Reliability refers to the consistency of test scores obtained by the same persons when they are re-examined with the same test on different occasions, or with different sets of equivalent items, or under varying examining conditions.
Reliability coefficient is an index of reliability, a proportion that indicates the ratio between the true score variance on a test and the total variance.
Random Error: a source of error in measuring a targeted variable caused by unpredictable fluctuations and inconsistencies of other variables in the measurement process (i.e., noise).
Systematic Error: a source of error in measuring a variable that is typically constant or proportionate to what is presumed to be the true value of the variable being measured.
Test Administration: sources of error may stem from the testing environment and test taker variables such as emotional problems, physical discomfort, lack of sleep, and the effects of drugs or medication.

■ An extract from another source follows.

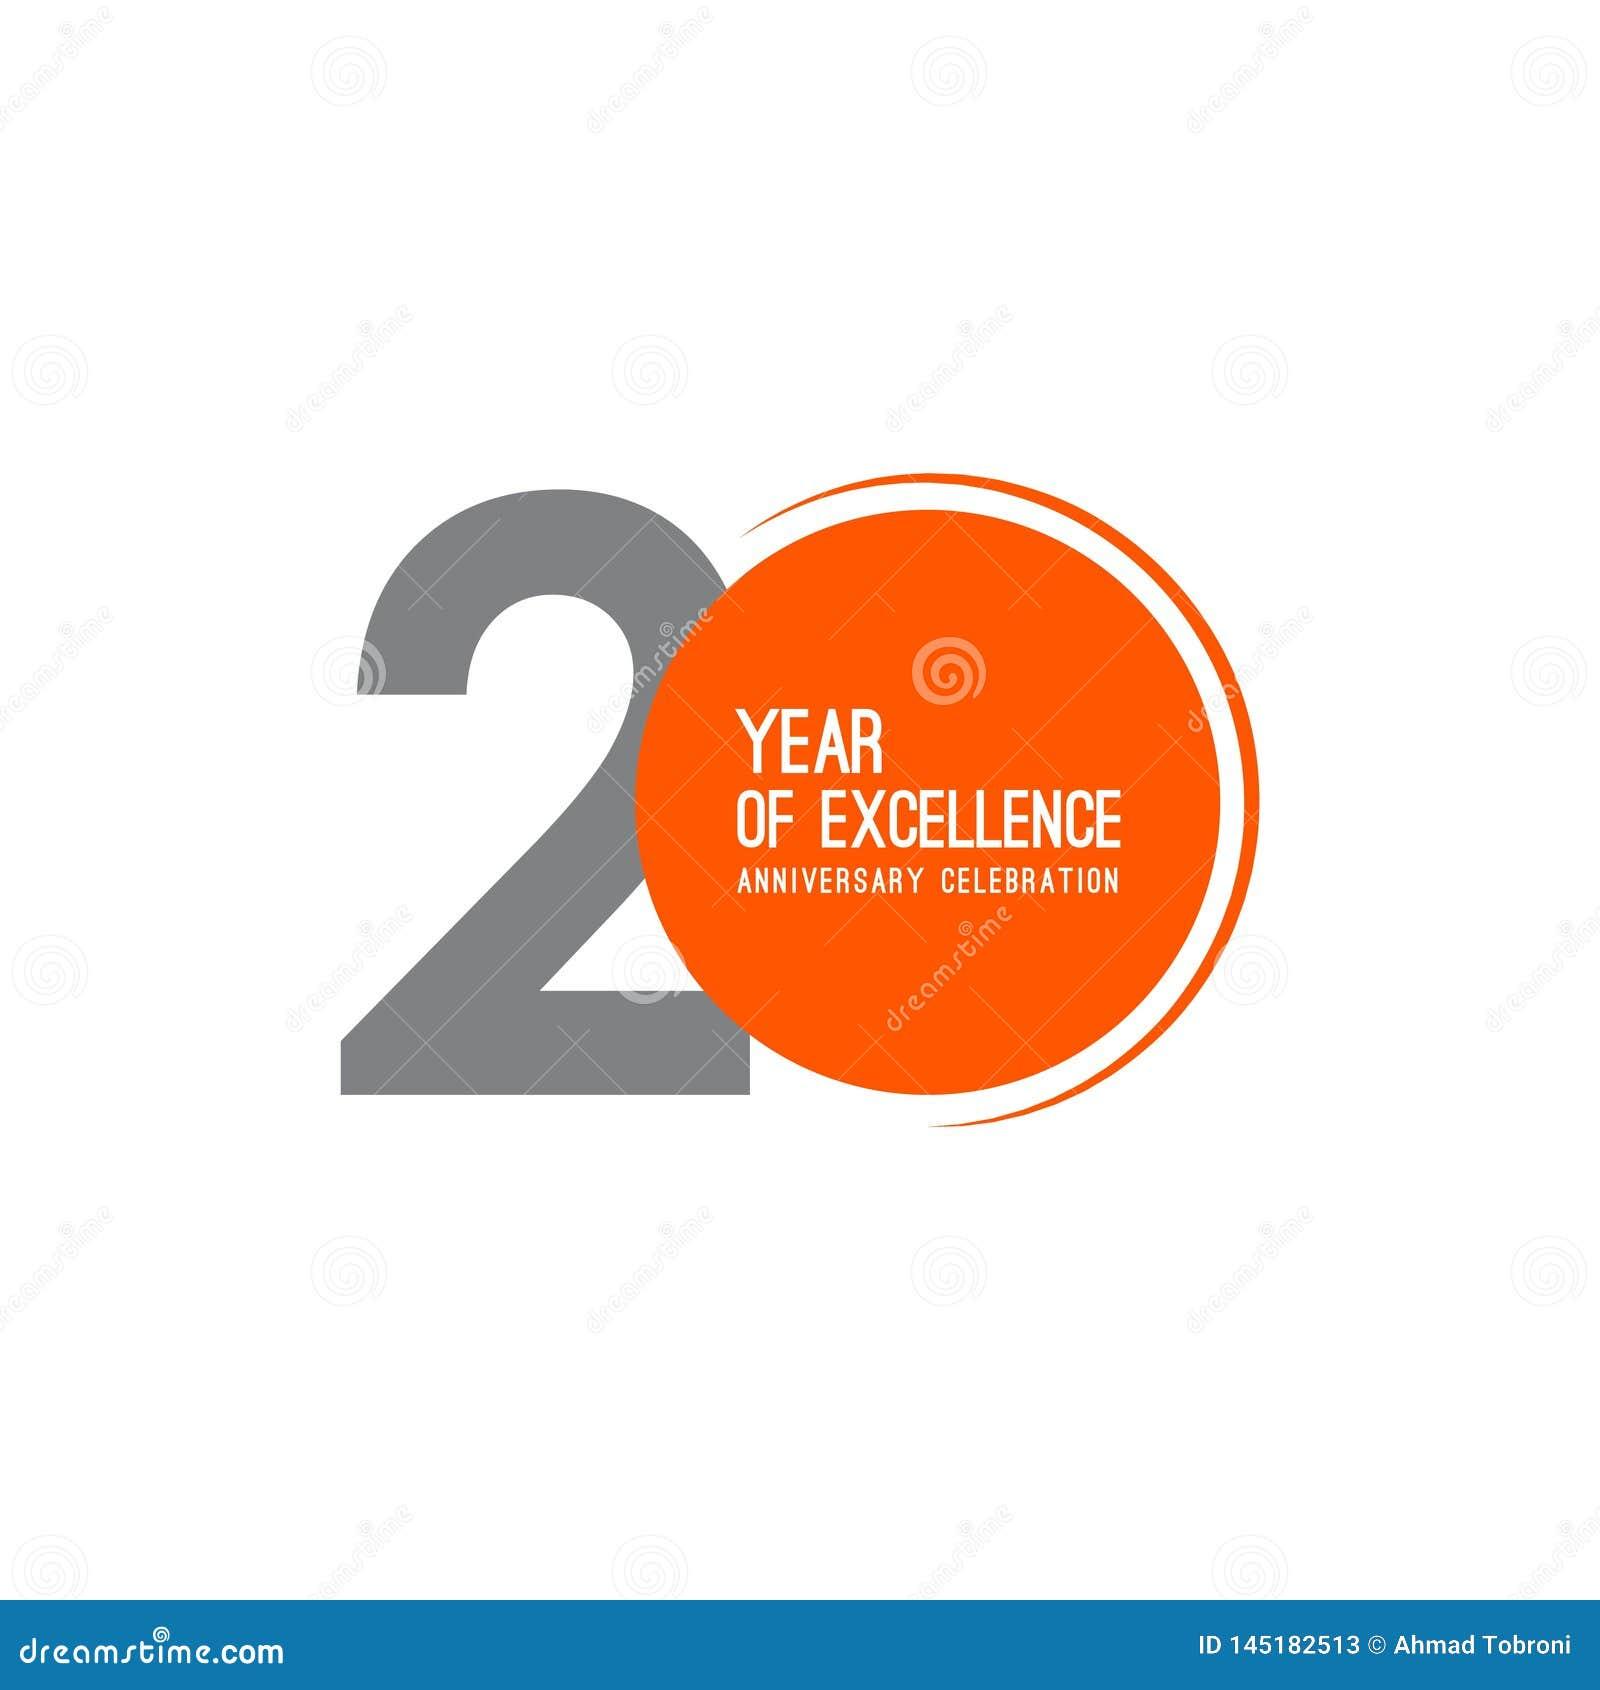 20 años de ejemplo del diseño de la plantilla del vector de la celebración del aniversario de la excelencia
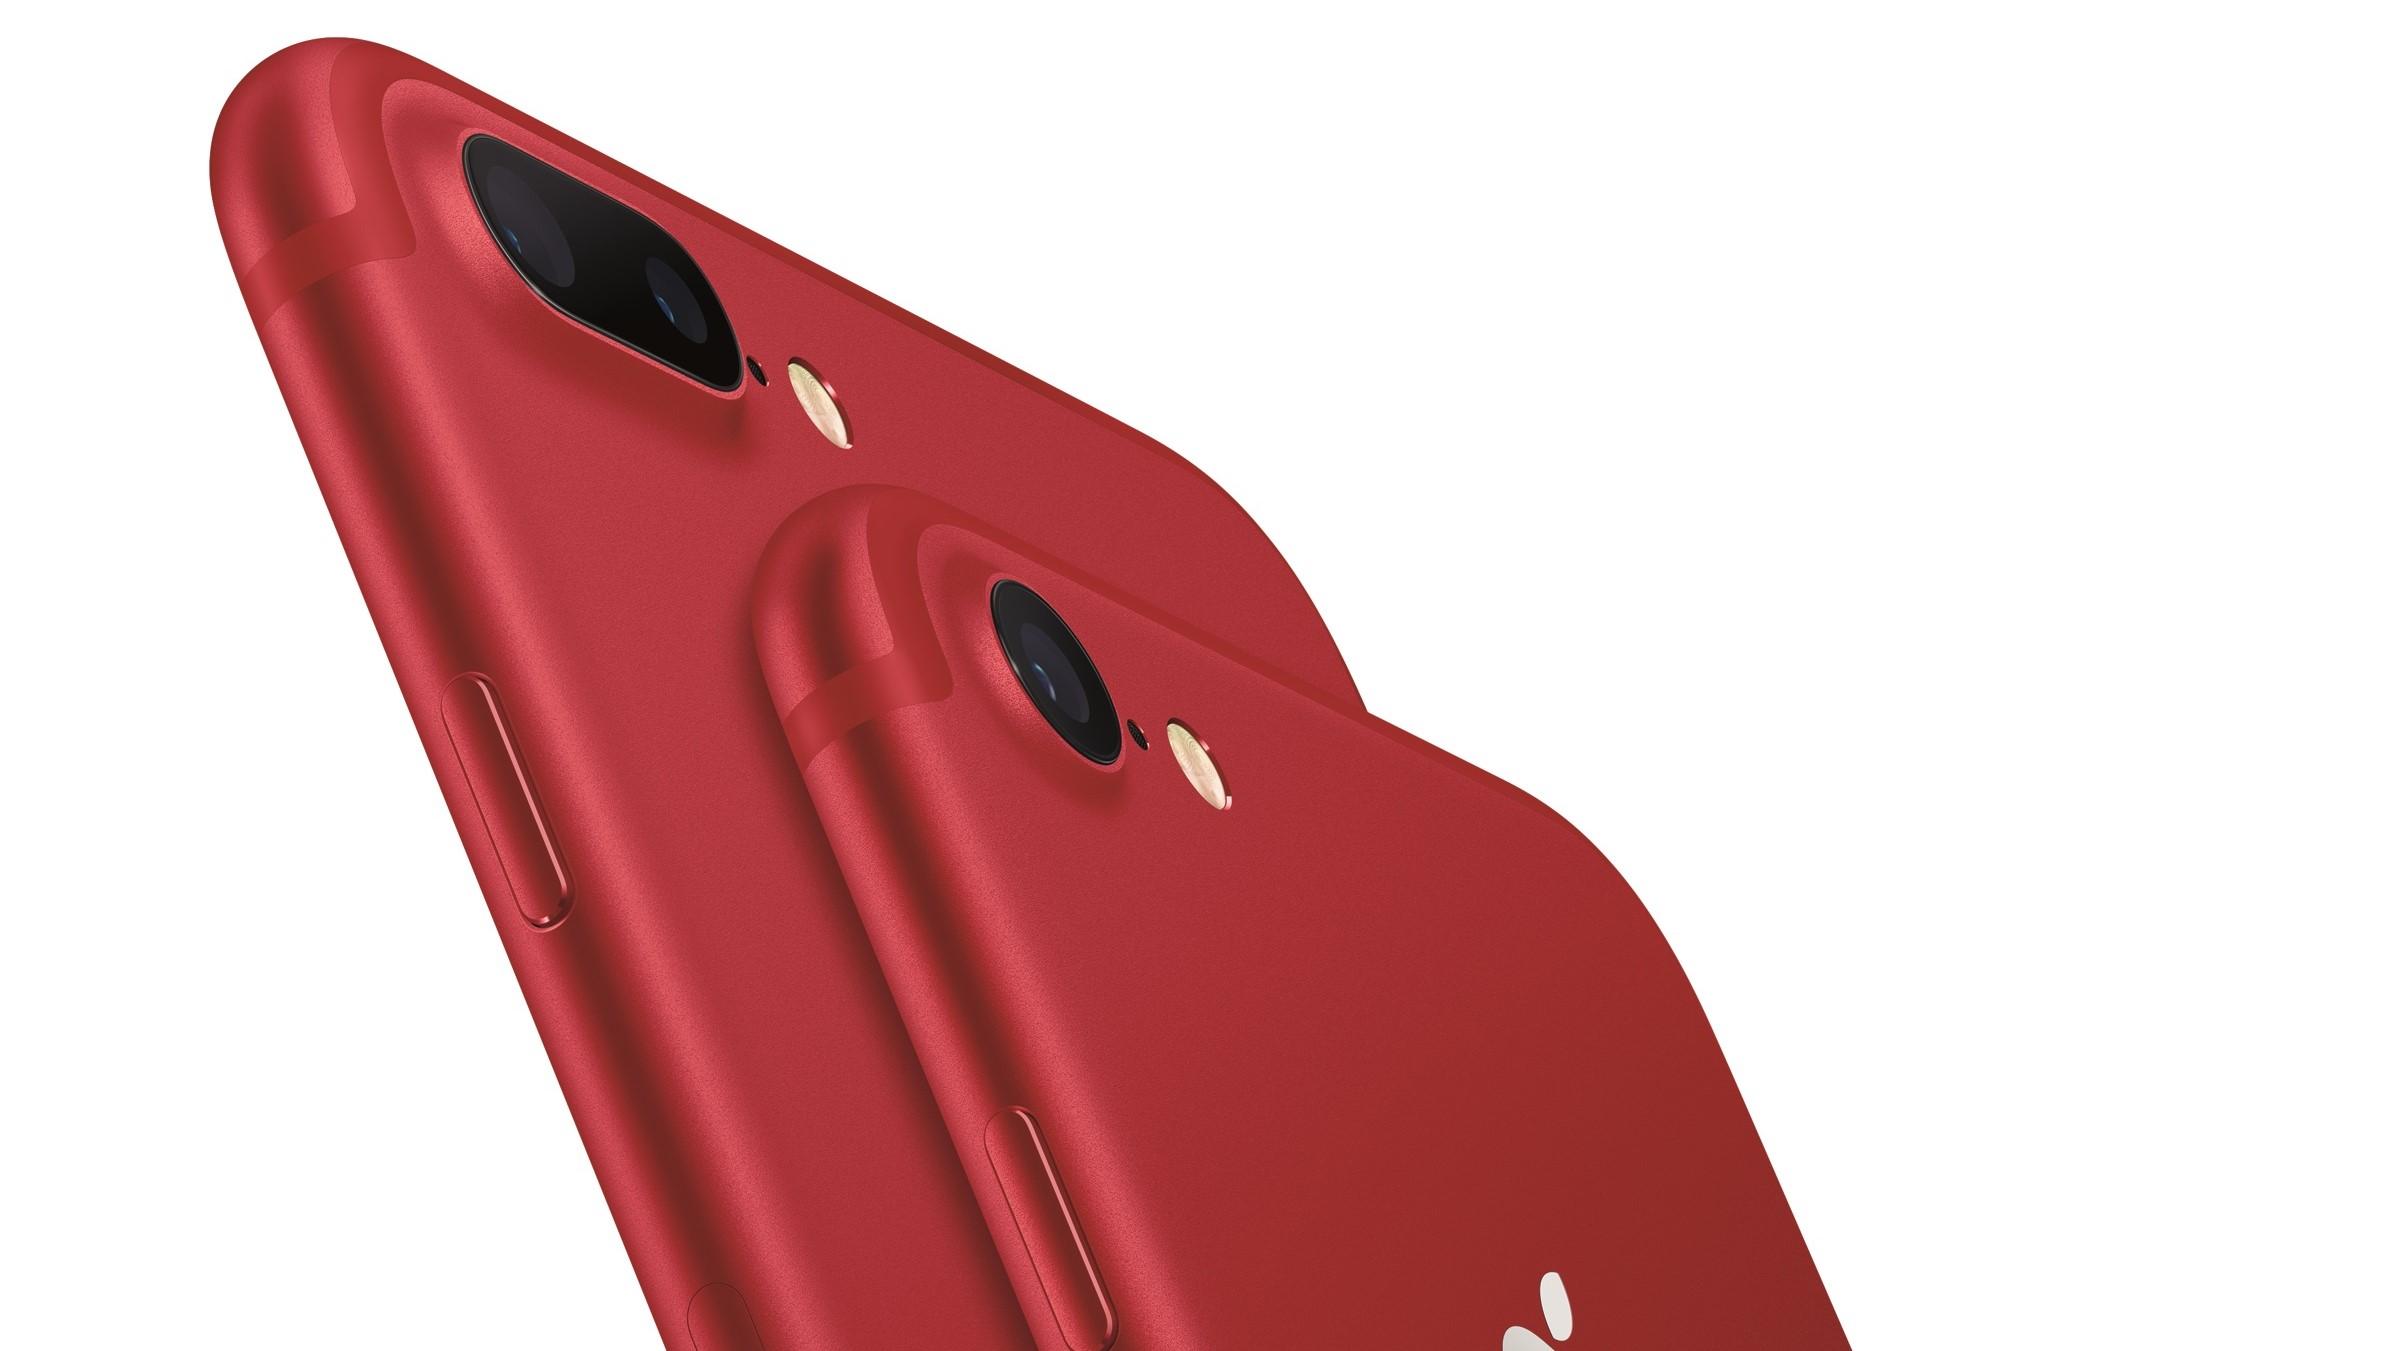 Organisasjonen CCIA mener at en importstans for iPhone i verste fall vil ødelegge for kundene.

Test Scoring and Interpretation: computer testing reduces error in test scoring, but many tests still require expert interpretation (e.g., projective tests).
Test-Retest reliability: an estimate of reliability obtained by correlating pairs of scores from the same people on two different administrations of the same test.
Alternate forms: different versions of a test that have been constructed so as to be parallel, but do not meet the strict requirements of parallel forms but typically item content and difficulty is similar between tests.
Coefficient alpha: Developed by Cronbach to estimate the internal consistency of tests in which the items are not scored as 0 or 1 (wrong or right), its values ranges from 0 to 1.
Reliability estimates in the range of .70 to .80 are good enough for most purposes in basic research, in clinical settings, high reliability is extremely important, or the tests are used for life and death decisions, it must be treated with high standards (i.e., reliability of .90 to .95).
Inter-scorer reliability: The degree of agreement or consistency between two or more scorers (or judges or raters) with regard to a particular measure, often used with behavioral measures, guards against biases or idiosyncrasies in scoring.
Most appropriate for variables that should be stable over time (e.g., personality) and not appropriate for variables expected to change over time (e.g., mood/states).
The test is a speed or a power test; a power test is long enough to allow test takers to attempt all items, a speed test contains items of uniform level of difficulty so that when given generous time limits, all test takers should be able to complete all the test items correctly.
Domain sampling theory is used to evaluate one’s spelling ability by using a sample of words instead of using the entire number of words in the dictionary to comprise the items of the test.